Environmentally persistent free radicals (EPFRs) are a class of composite organic/metal oxide pollutants that have recently been discovered to form from a wide variety of substituted benzenes chemisorbed to commonly encountered oxides. Although a qualitative understanding of EPFR formation on particulate metal oxides has been achieved, a detailed understanding of the charge transfer mechanism that must accompany the creation of an unpaired radical electron is lacking. In this study, we perform photoelectron spectroscopy and electron energy loss spectroscopy on a well-defined model system-phenol chemisorbed on TiO2(110) to directly observe changes in the electronic structure of the oxide and chemisorbed phenol as a function of adsorption temperature.
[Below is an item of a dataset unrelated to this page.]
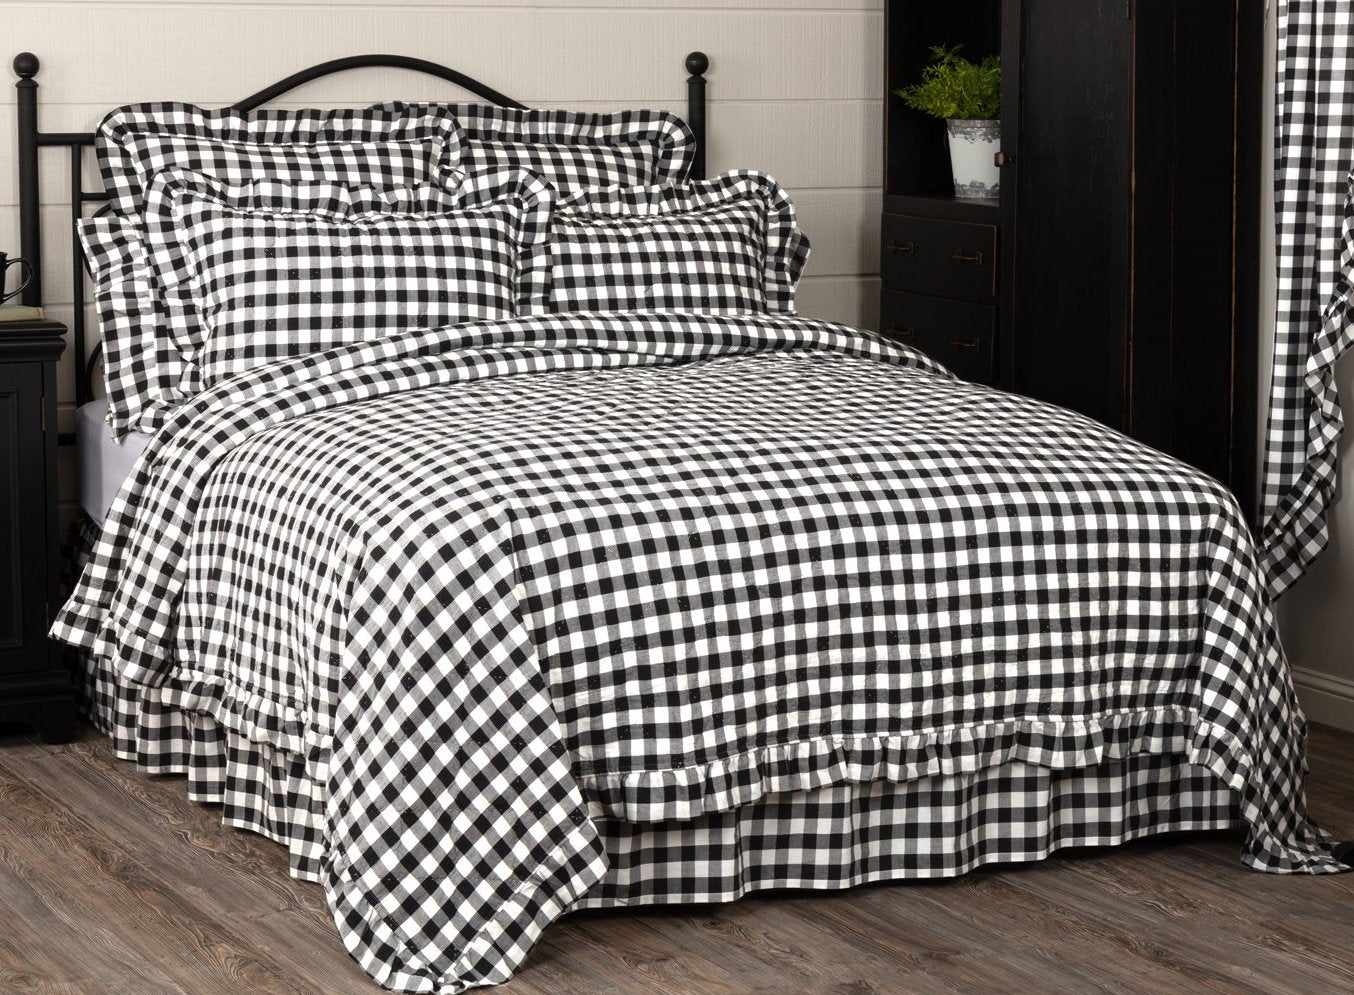 Annie Buffalo Black Check Ruffled Twin Quilt Coverlet 68wx86l
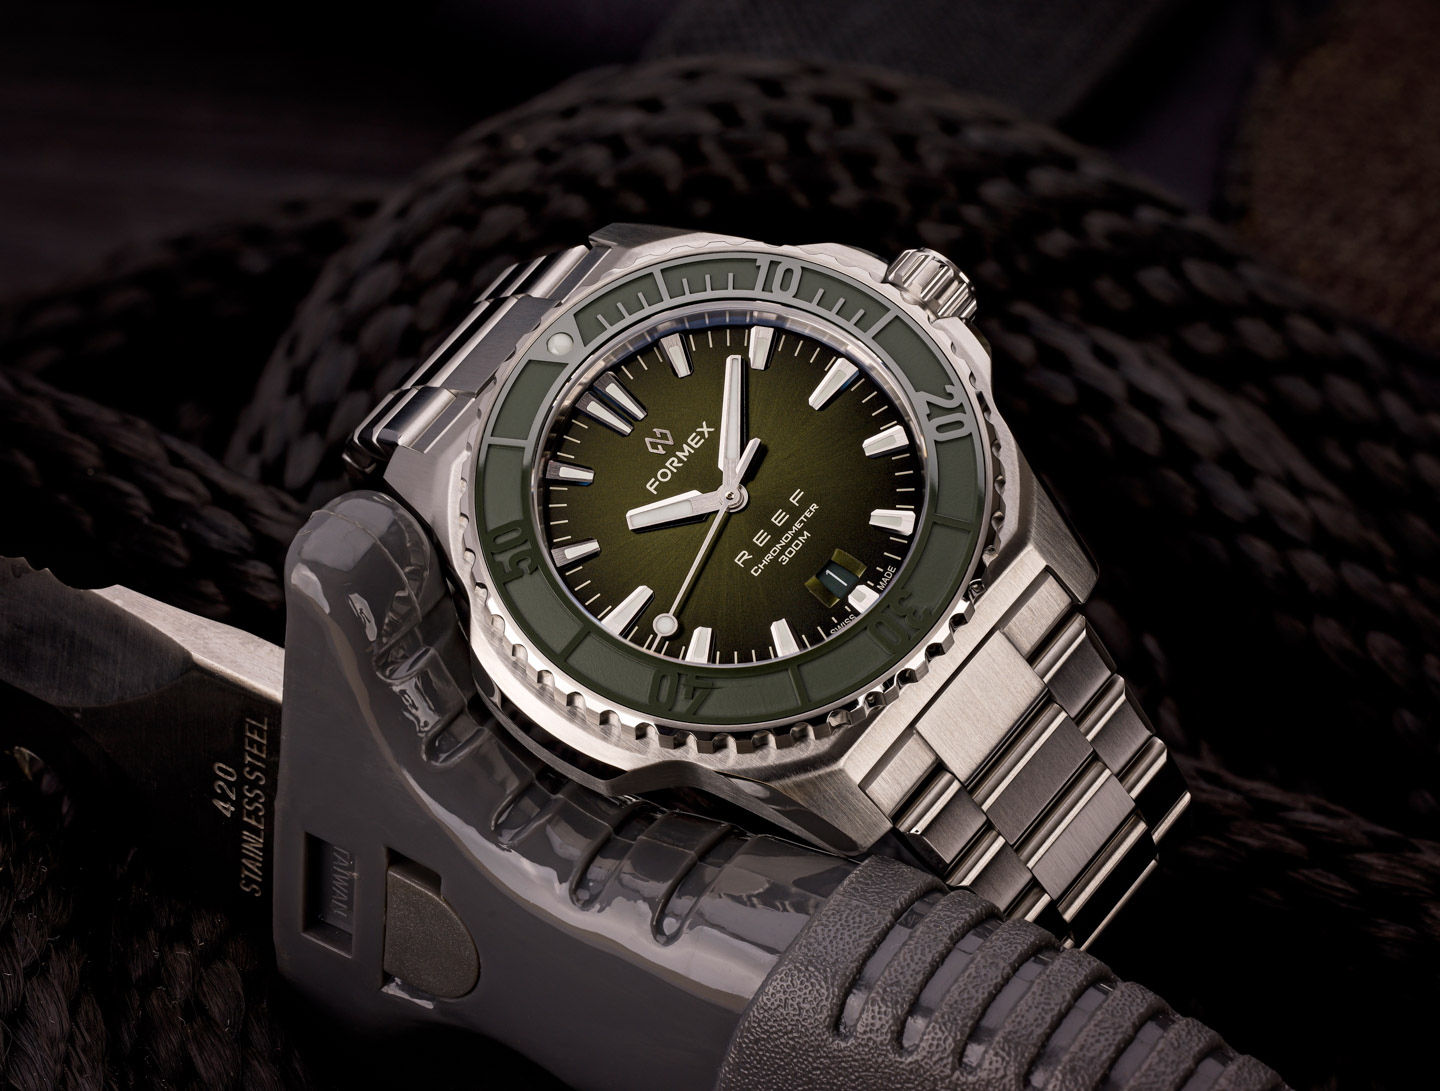 Swiss Formex Debuts The REEF Automatic Chronometer Diver’s Watch

We show strong evidence that, upon exposure at high temperature, empty states in the TiO2 are filled and the phenol HOMO is depopulated, as has been proposed in a conceptual model of EPFR formation. This experimental evidence of charge transfer provides a deeper understanding of the EPFR formation mechanism to guide future experimental and computational studies as well as potential environmental remediation strategies.
Publication Source (Journal or Book title)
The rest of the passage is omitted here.